Data records:
·····

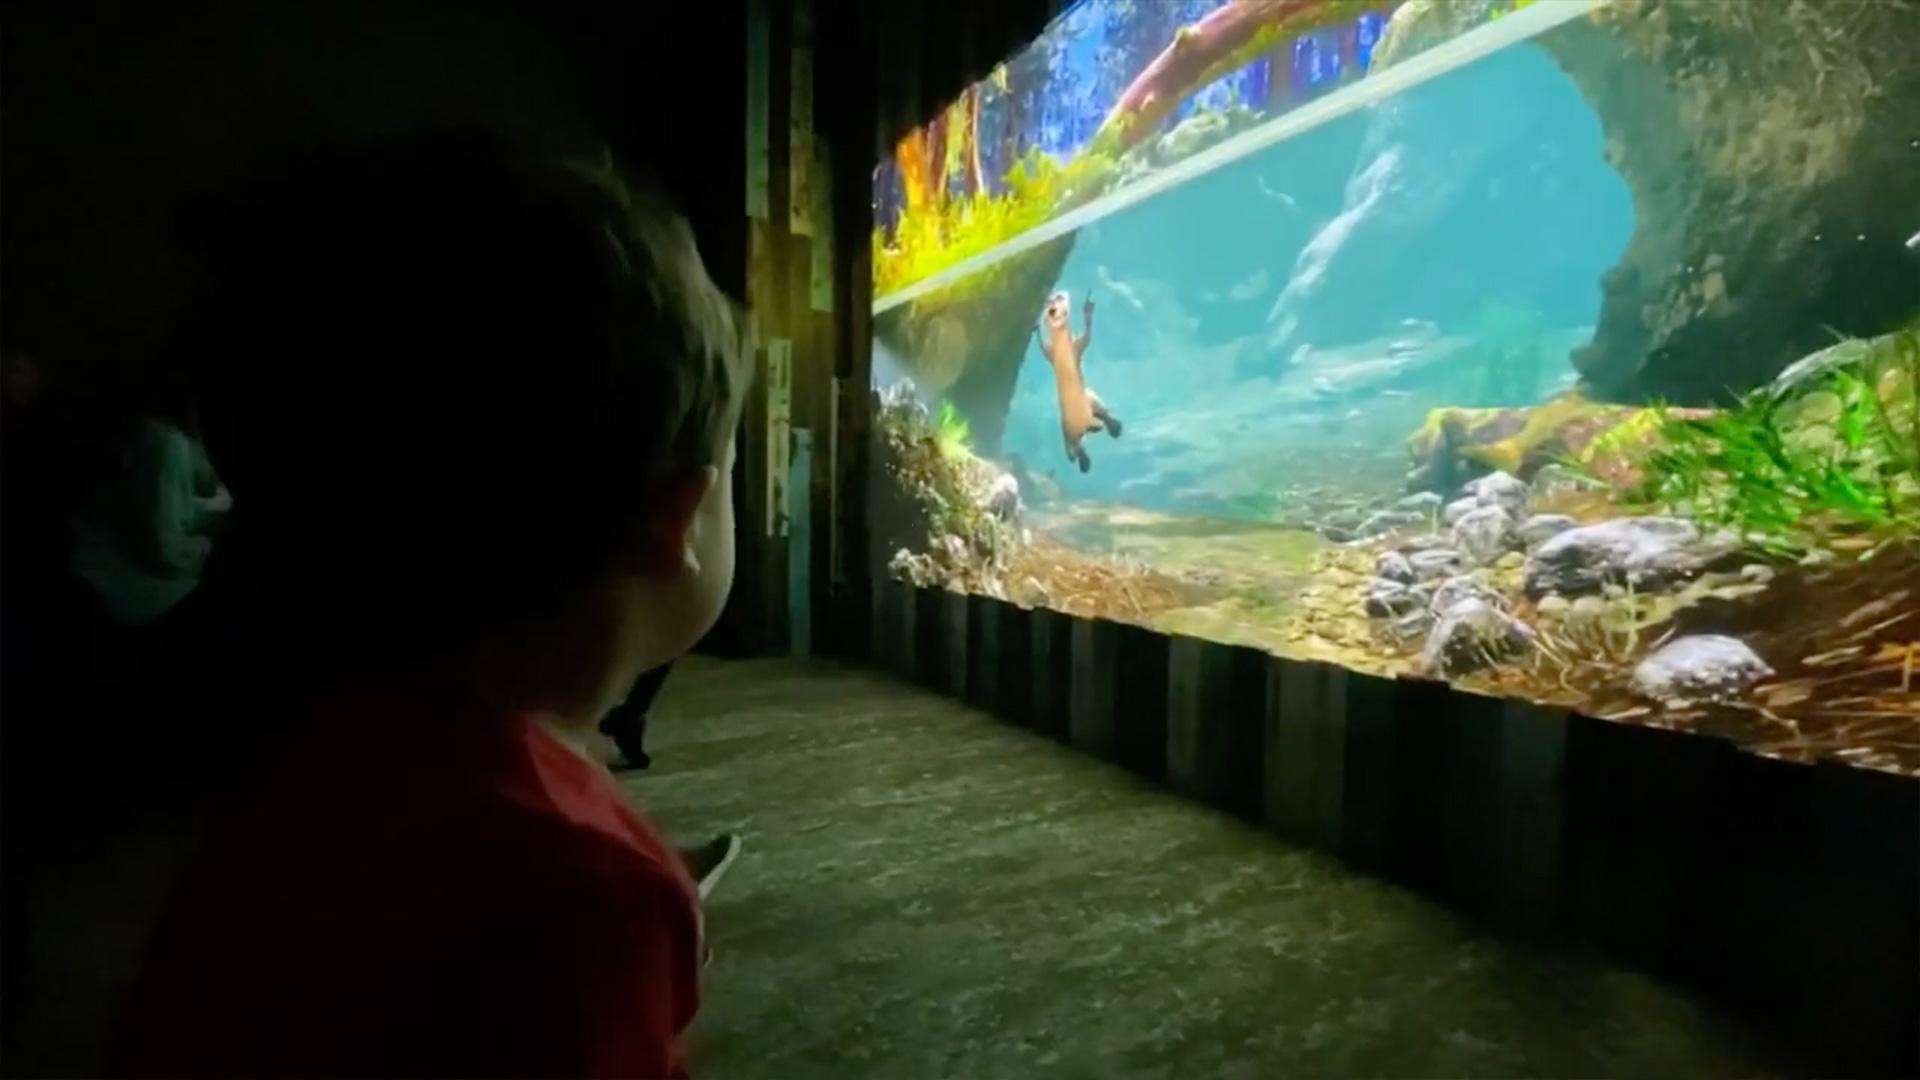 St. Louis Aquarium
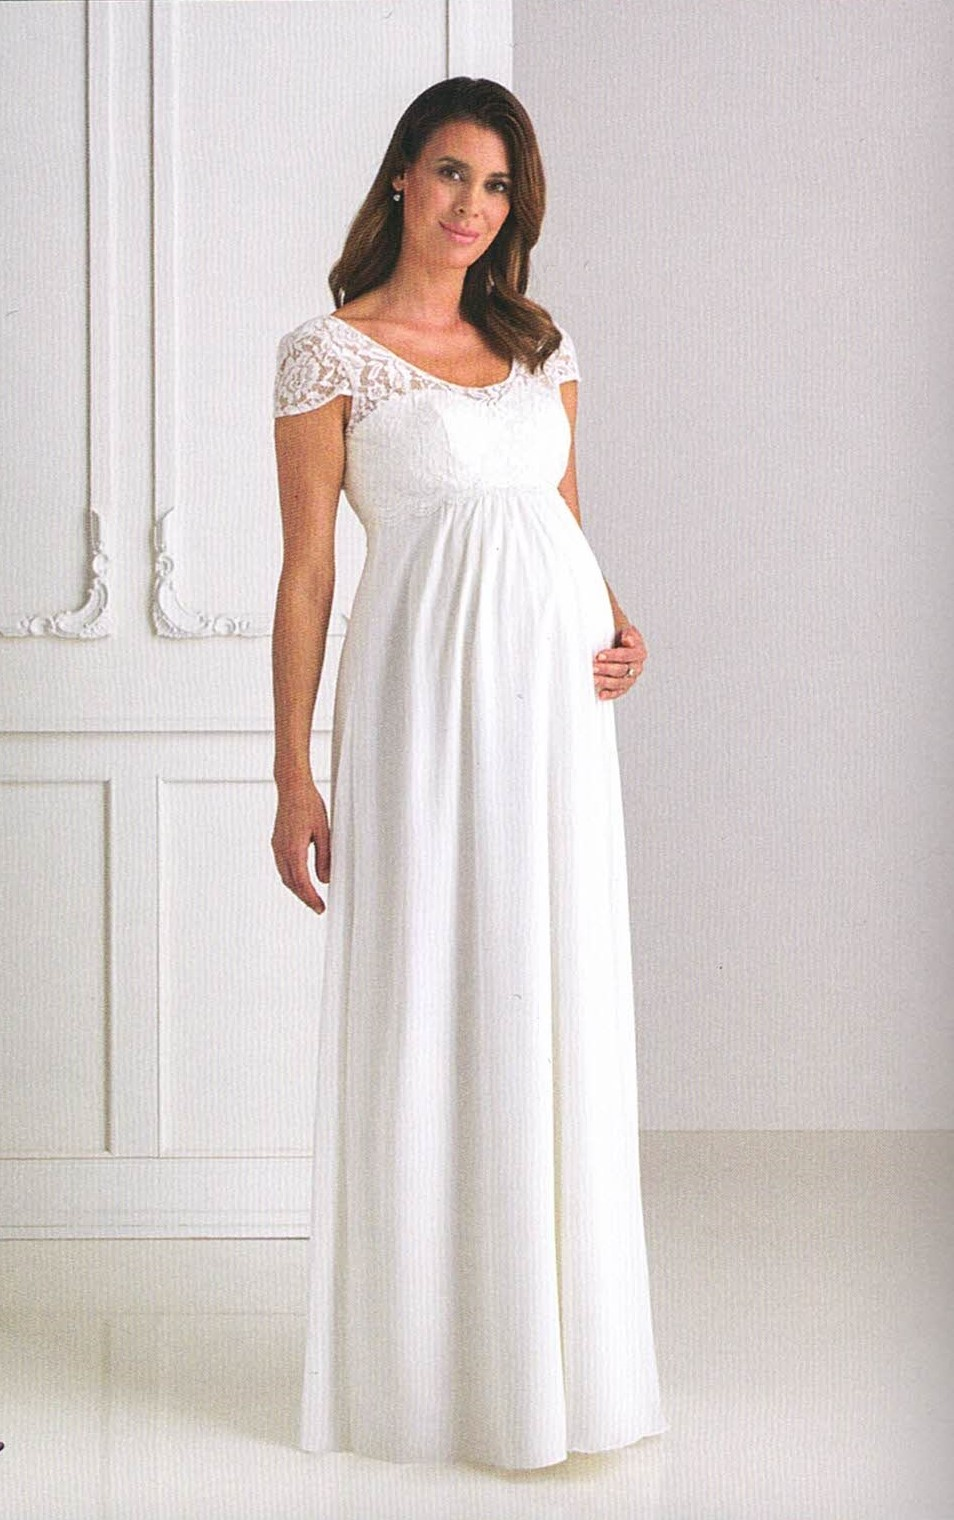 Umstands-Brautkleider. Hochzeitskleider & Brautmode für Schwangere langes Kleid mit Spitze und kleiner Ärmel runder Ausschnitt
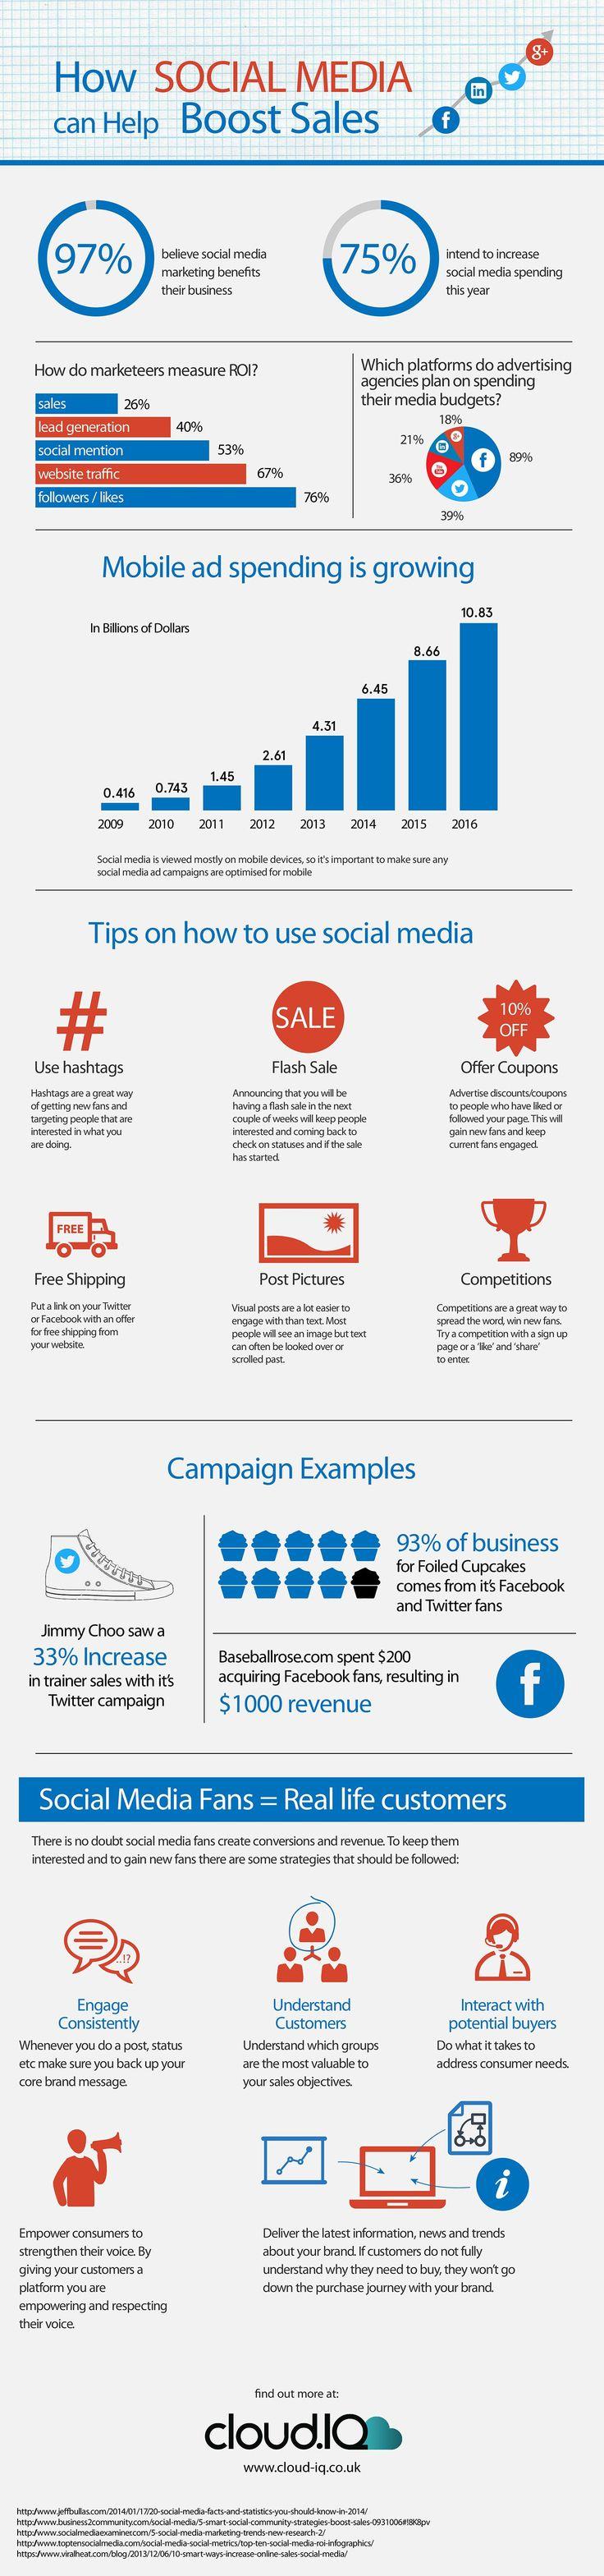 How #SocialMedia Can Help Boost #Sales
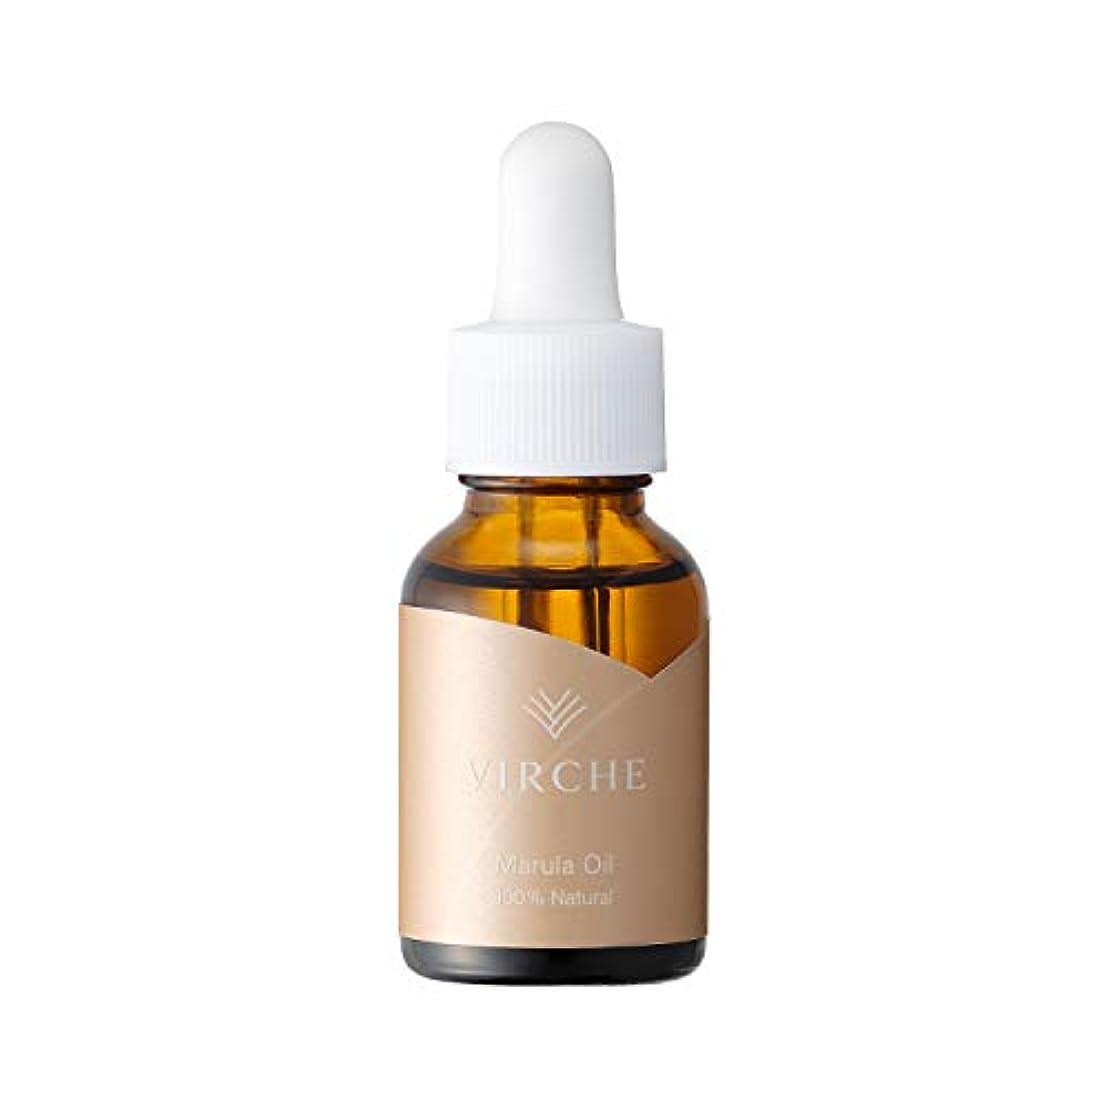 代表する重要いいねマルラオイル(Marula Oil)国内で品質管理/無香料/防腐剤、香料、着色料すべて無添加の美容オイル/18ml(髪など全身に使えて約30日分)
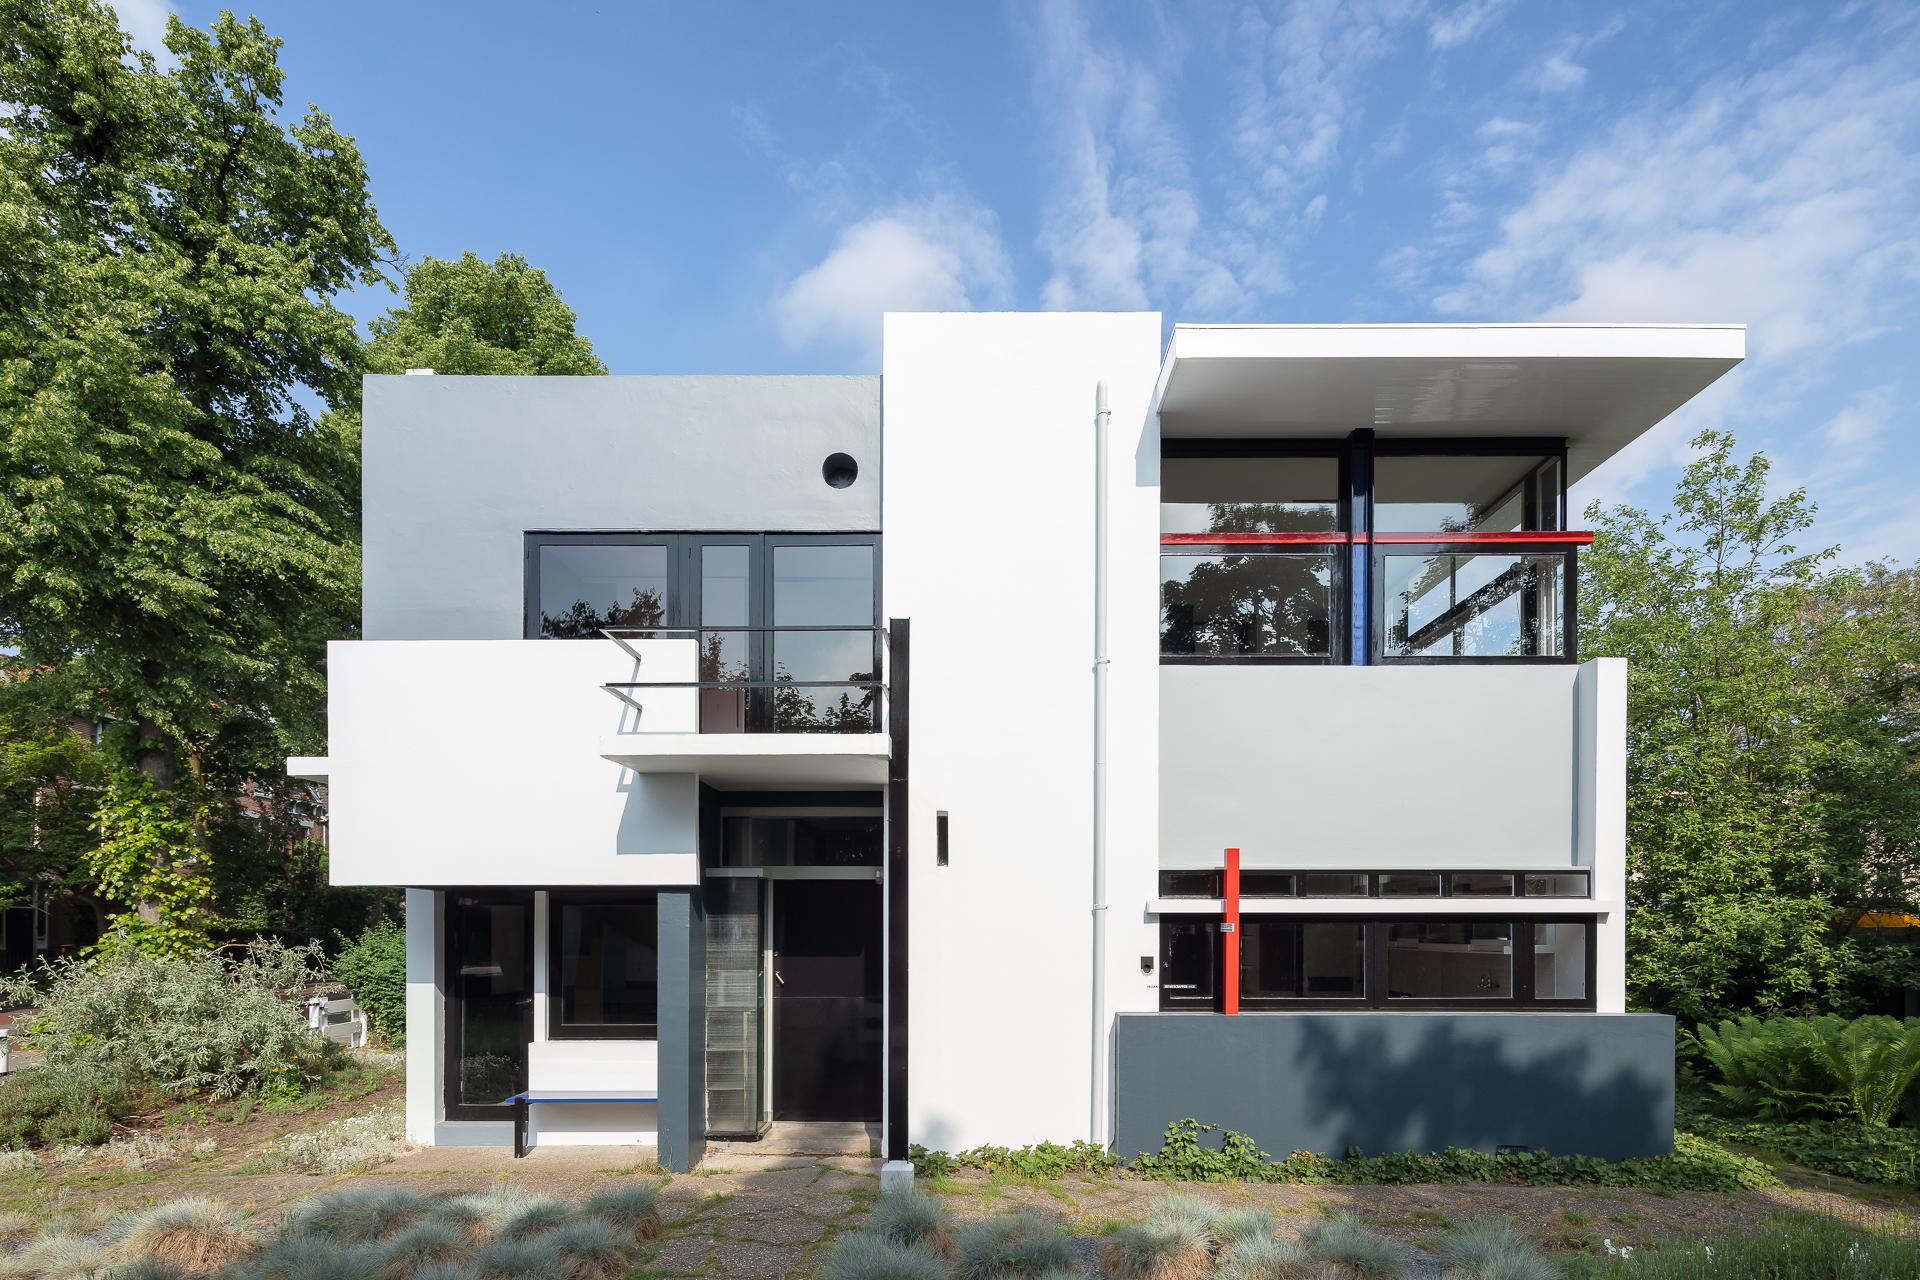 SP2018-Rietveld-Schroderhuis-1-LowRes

·····

:: Exercise ::
Every line above should be returned exactly; the pictures stay out.

:: Finished exercise ::
 St. Louis Aquarium
 Umstands-Brautkleider. Hochzeitskleider & Brautmode für Schwangere langes Kleid mit Spitze und kleiner Ärmel runder Ausschnitt
 How #SocialMedia Can Help Boost #Sales
 代表する重要いいねマルラオイル(Marula Oil)国内で品質管理/無香料/防腐剤、香料、着色料すべて無添加の美容オイル/18ml(髪など全身に使えて約30日分)
 SP2018-Rietveld-Schroderhuis-1-LowRes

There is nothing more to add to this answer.